4. If adding the silica, and probable also goes for the copper powder, dump everything into a bucket and get some mixing sticks (paddles first). I did not have any good tool for mixing.

....... Just happy to pass along the information based upon our experience. I guess I would just preference remarks with "This worked for us" based upon temperature and humidity. But we pretty much stuck with those ratios and amounts, and with two people brushing could use the material in the time interval outlined. As for coverage of the copper epoxy mixture, we calculate approximately 162 sq. ft. with both tunnels (catamaran hulls) from the area masked off and below. We were able to complete this hull with 3 (three) batches of the copper / epoxy consisting of the 15 oz. low V / 7 oz. curing agent/ and
5-6 oz. of the copper powder. In fact we had a little left over and "Started around" again after completing the second tunnel. Actually, we cut the last batch of Copper Powder down just a tad to 14 oz. low V, hair
over 6 oz. of curing agent and 5.5 oz. of copper powder. So, for the entire hull we used 64 oz. of epoxy + curing agent and 17 ozs. of copper powder.

(note: this is a lot better coverage than we quote. The additon of the solvent greatly increases coverage but puts on a thinner coat. You can add enough copper to create copper epoxy putty. Note that a gallon of anything spread out at 1/4 inch thick only covers 6.2 square feet. Goal is to get as much copper on as possible but still be able to apply it and not have roller marks, etc.)

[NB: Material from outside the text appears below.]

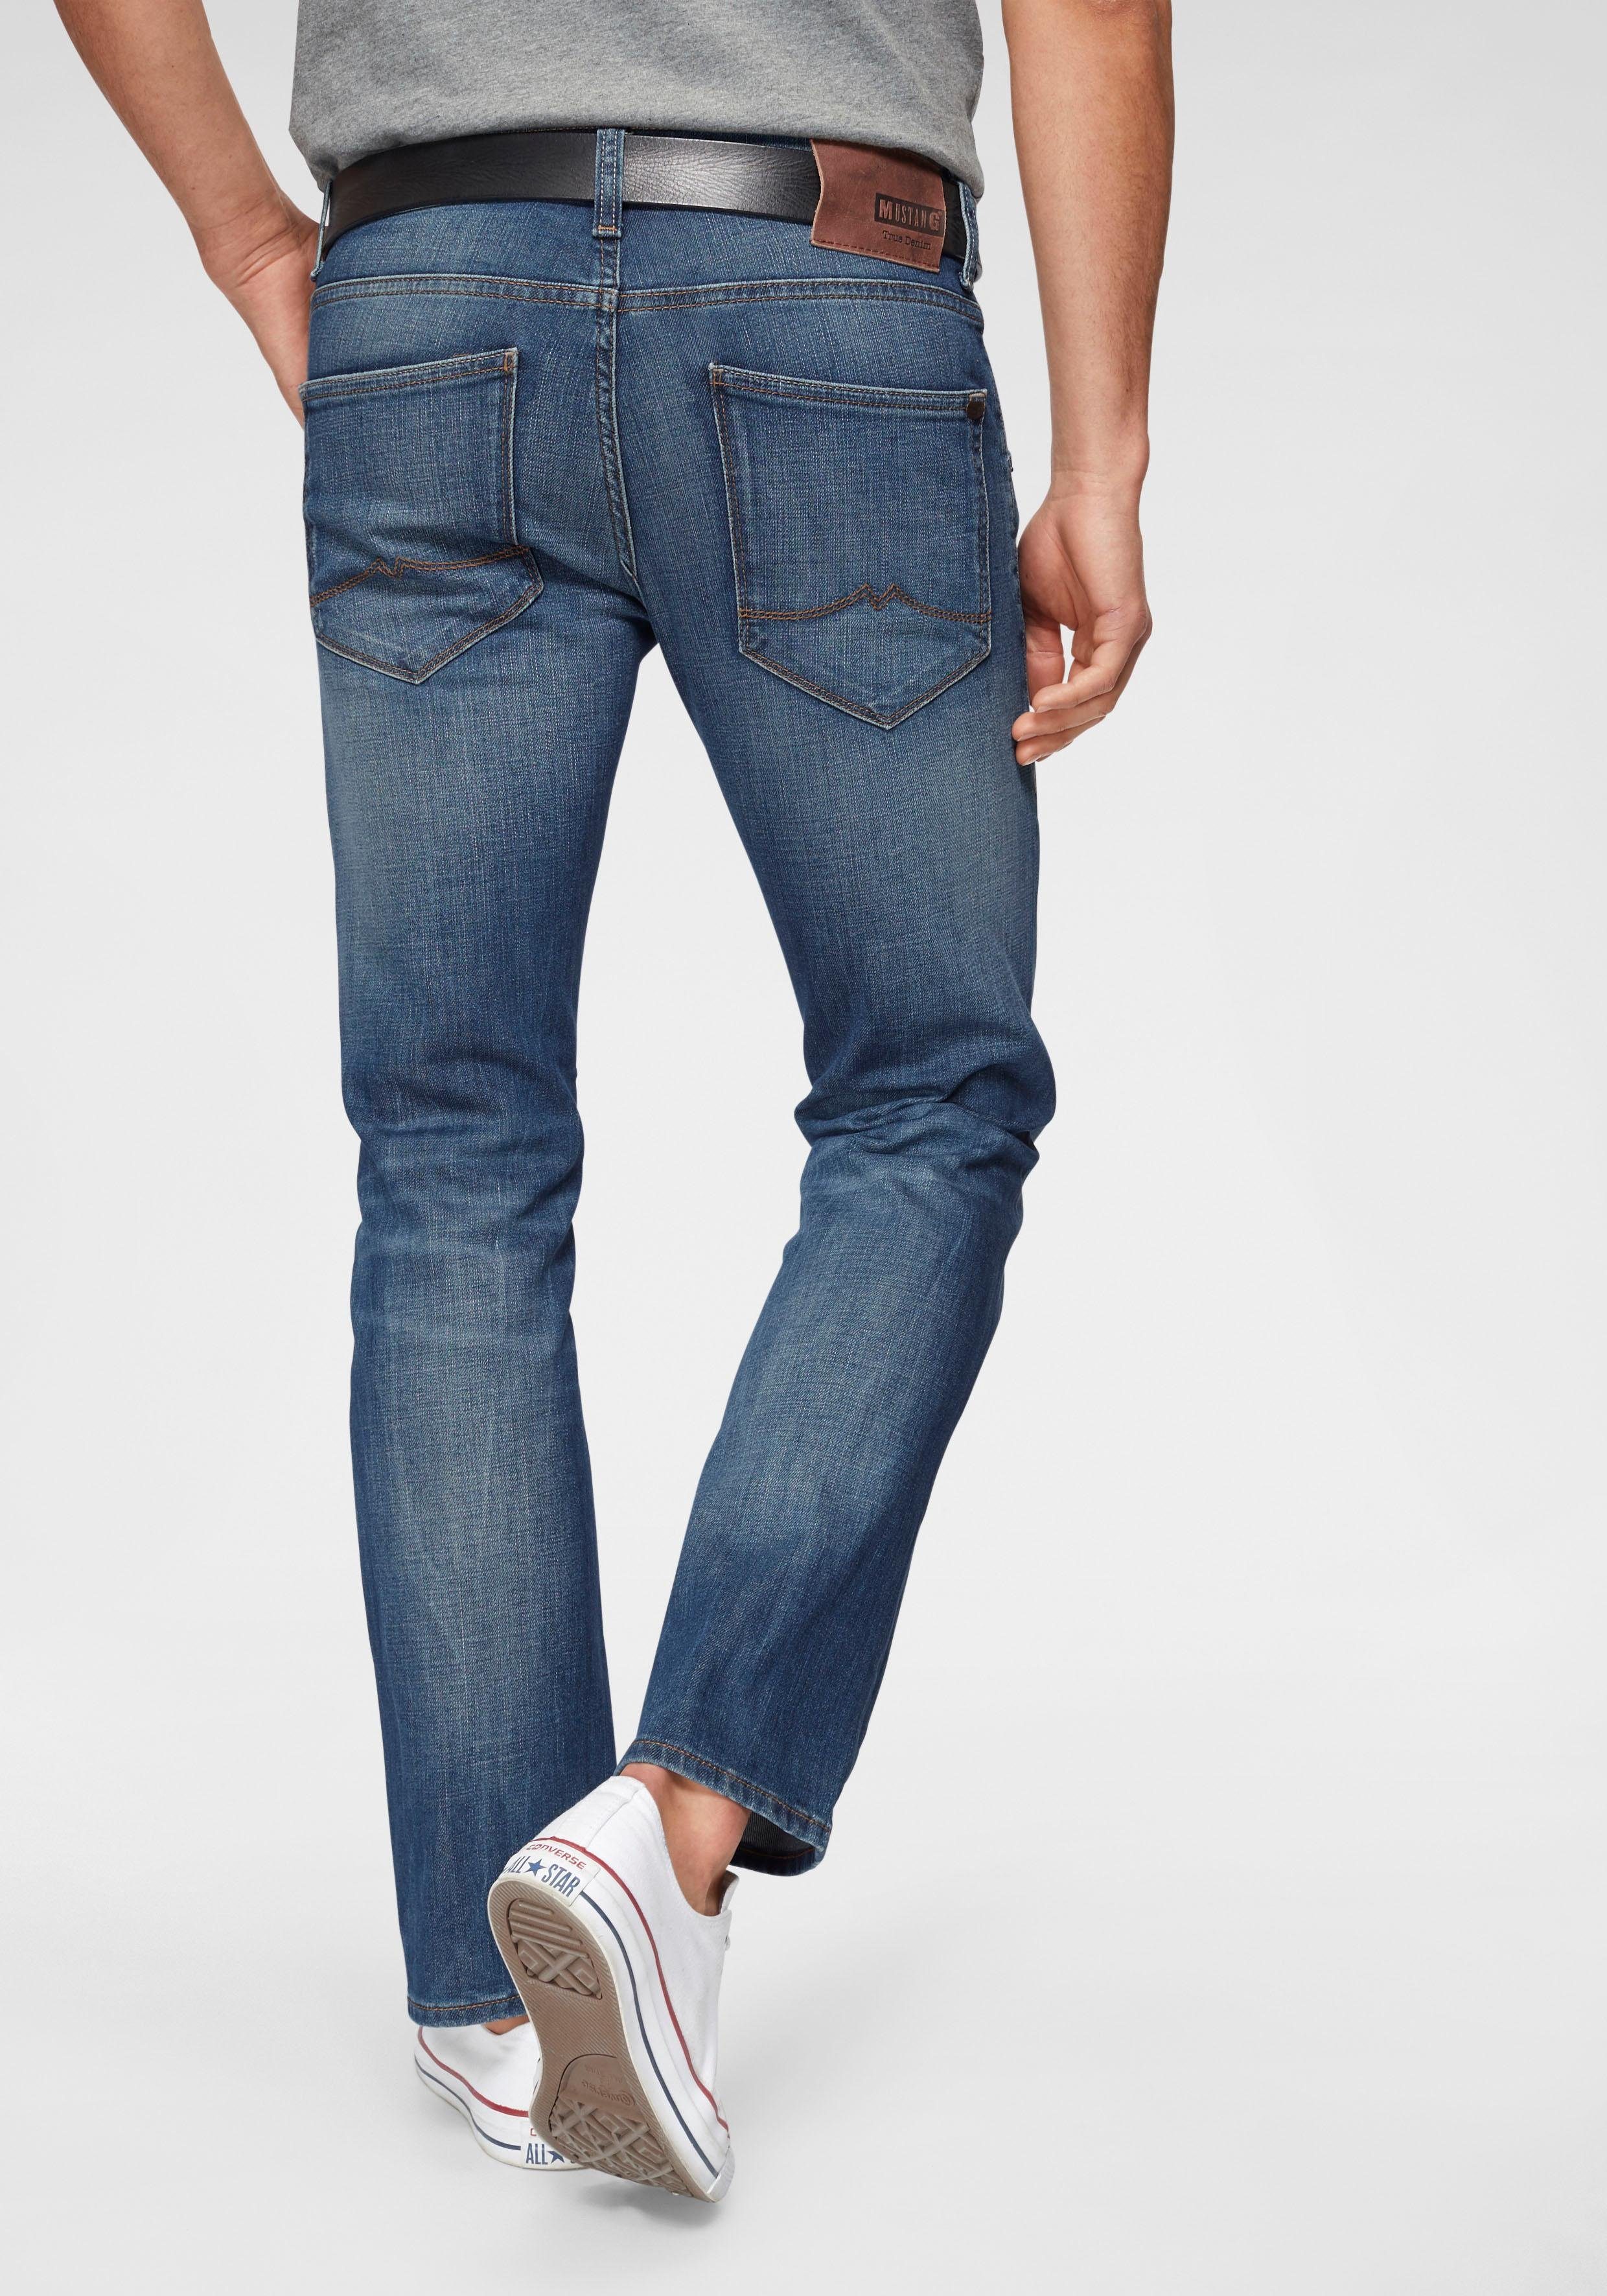 in 5-Pocket-Form Straight-Jeans STYLE MUSTANG light-scratched-used MICHIGAN STRAIGHT

Guess I'd mention one other thing, and that is the brushing technique. At first, I was concerned (especially with the hot weather) with getting on the copper epoxy within a time period before it set up. So, I fell back to a time when I did much painting, and learned to "Put it on" fairly quickly. I would just dip the brush into the copper mixture to the bottom of the bucket and depth starting out was maybe a little over one inch (1"). Could use this for a while, but then the brush would load up and start oozing out, especially when doing the very bottom. Well, I didn't need be that worried. I don't think we had anything set up on us inside of 30 minutes. I then altered technique to "Wipe" one side of the brush on the top of the paint bucket and this kept things in control, but still allowed a fairly rapid work rate. Just a little more dipping into the
bucket.


We're not completed with this project, will be going back to work on boat this weekend. Will email you more as project nears completion. But, my thanks for getting us through this. We had many people stop by and comment, "Oh, can see you're having fun now!" I explained that I really couldn't talk now, as this stuff sets up and need concentrate on what we're doing. But did learn to relax a little and at least say something.

Ken


I bought this copper powder from you in 2003 while in New Zealand and put it on my 45' Trimaran with W@@t Epoxy. Will be in NZ this October and plan to do it again as it has worked quit well. Also put it on my AB dingy bottom. --

John 2013



Phil Napoli has coated the bottom of his 26 ft Bayliner Powerboat with our copper powder and Low V epoxy. He developed the following 'blend' which he found to be ideal for applying by paint pad.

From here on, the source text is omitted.